1.06 - Chronic Inflammation & Pain Flashcards
Define: Chronic Inflammation
Inflammation of prolonged duration in which active inflammation, tissue destruction and attempts at repair are proceeding simultaneously
Provide examples of conditions where Chronic Inflammation may occur
Persistent infection (tuberculosis) Prolonged exposure to toxic agents (endogenous - lipids, exogenous - silicosis, miner's lung) Autoimmune diseases (rheumatoid arthritis)
What are the three characteristic histological features of Chronic Inflammation
- Collection of Chronic Inflammatory cells (lymphocytes)
- Destruction of parenchyma (e.g. normal alveoli replaced by spaces lined with cuboidal epithelium)
- Replacement by connective tissue (fibrosis)
Describe the origin of pain and suffering
Visceral and Somatic stimuli lead to nociception and subsequently pain.
Psychological processes and neuropathic mechanisms also lead directly to pain.
Pain –> suffering
Psychological processes can also lead directly to suffering.
Describe agents that are used to prevent pain and suffering and where they act in the process
NSAIDs: act to prevent nociception
Opioids: Block the signalling of nociception to the pain centres in the brain.
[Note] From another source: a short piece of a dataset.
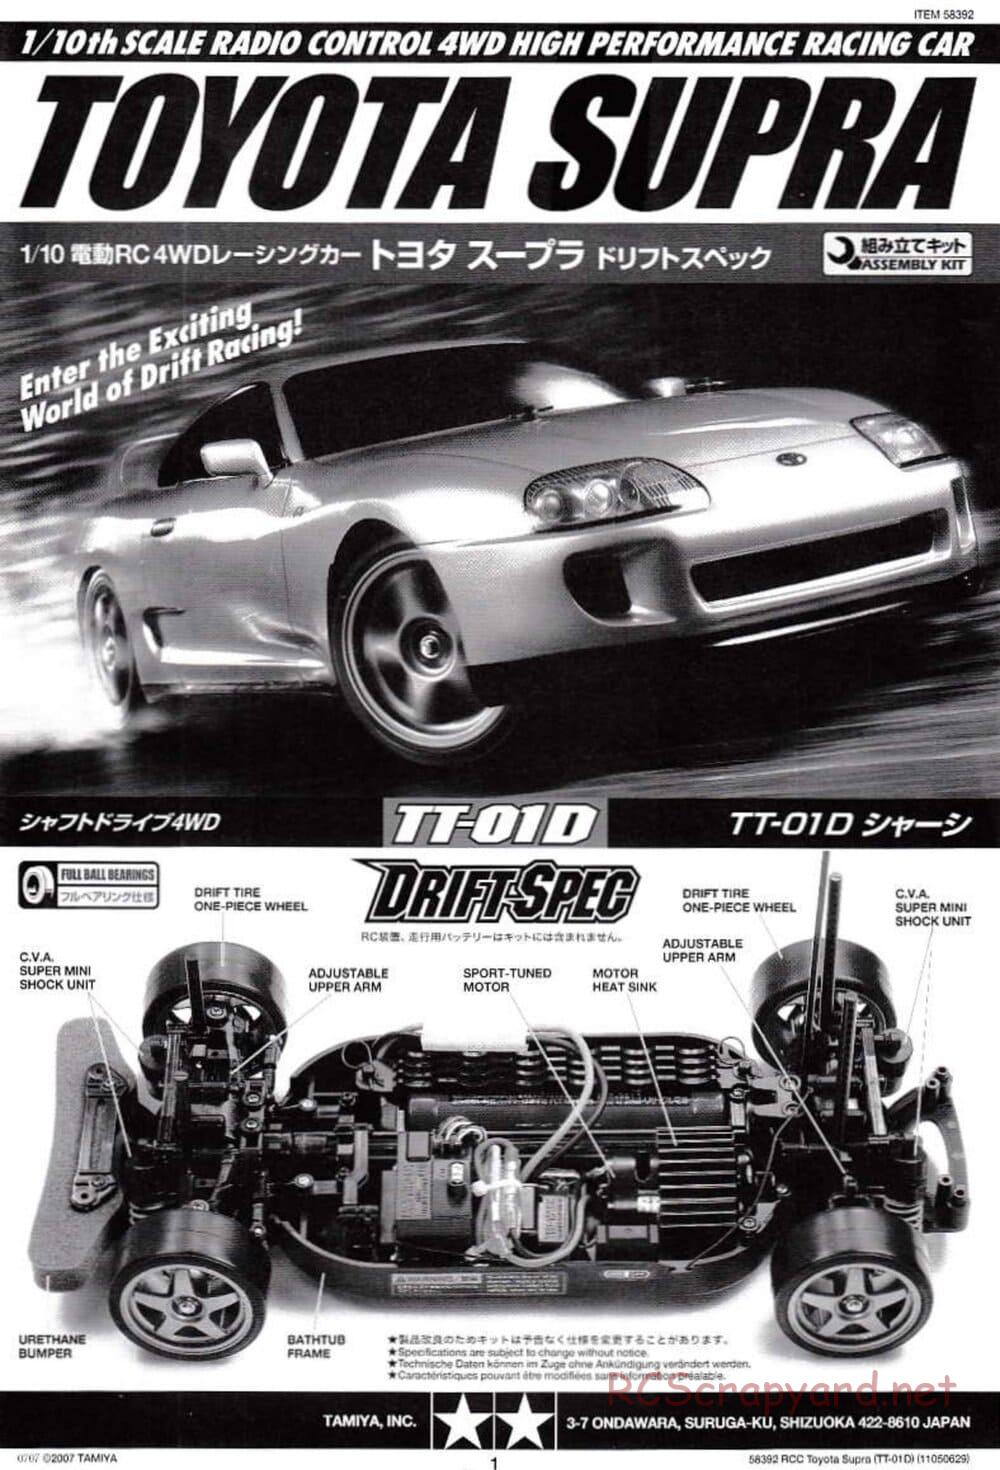 Tamiya - Toyota Supra - Drift Spec - TT-01D Chassis - Manual - Page 1

They also block neuropathic mechanisms leading to pain
Anticonvulsants: Block europathic mechanisms leading to pain
Anti-depressants: Reduce the psychological processes that cause pain and also the associated suffering
What two broad mechanisms of action can anti-inflammatory drugs have?
Decrease the production of inflammatory compounds
Decrease response to product of inflammation
Describe how anti-inflammatories can decrease the production of inflammatory compounds
They can:
- Decrease number of cell producing cytokines (immunosuppressants: azathioprine; glucocorticosteroids: prednisolone)
- Decrease production of inflammatory cytokines (NSAIDs: aspirin)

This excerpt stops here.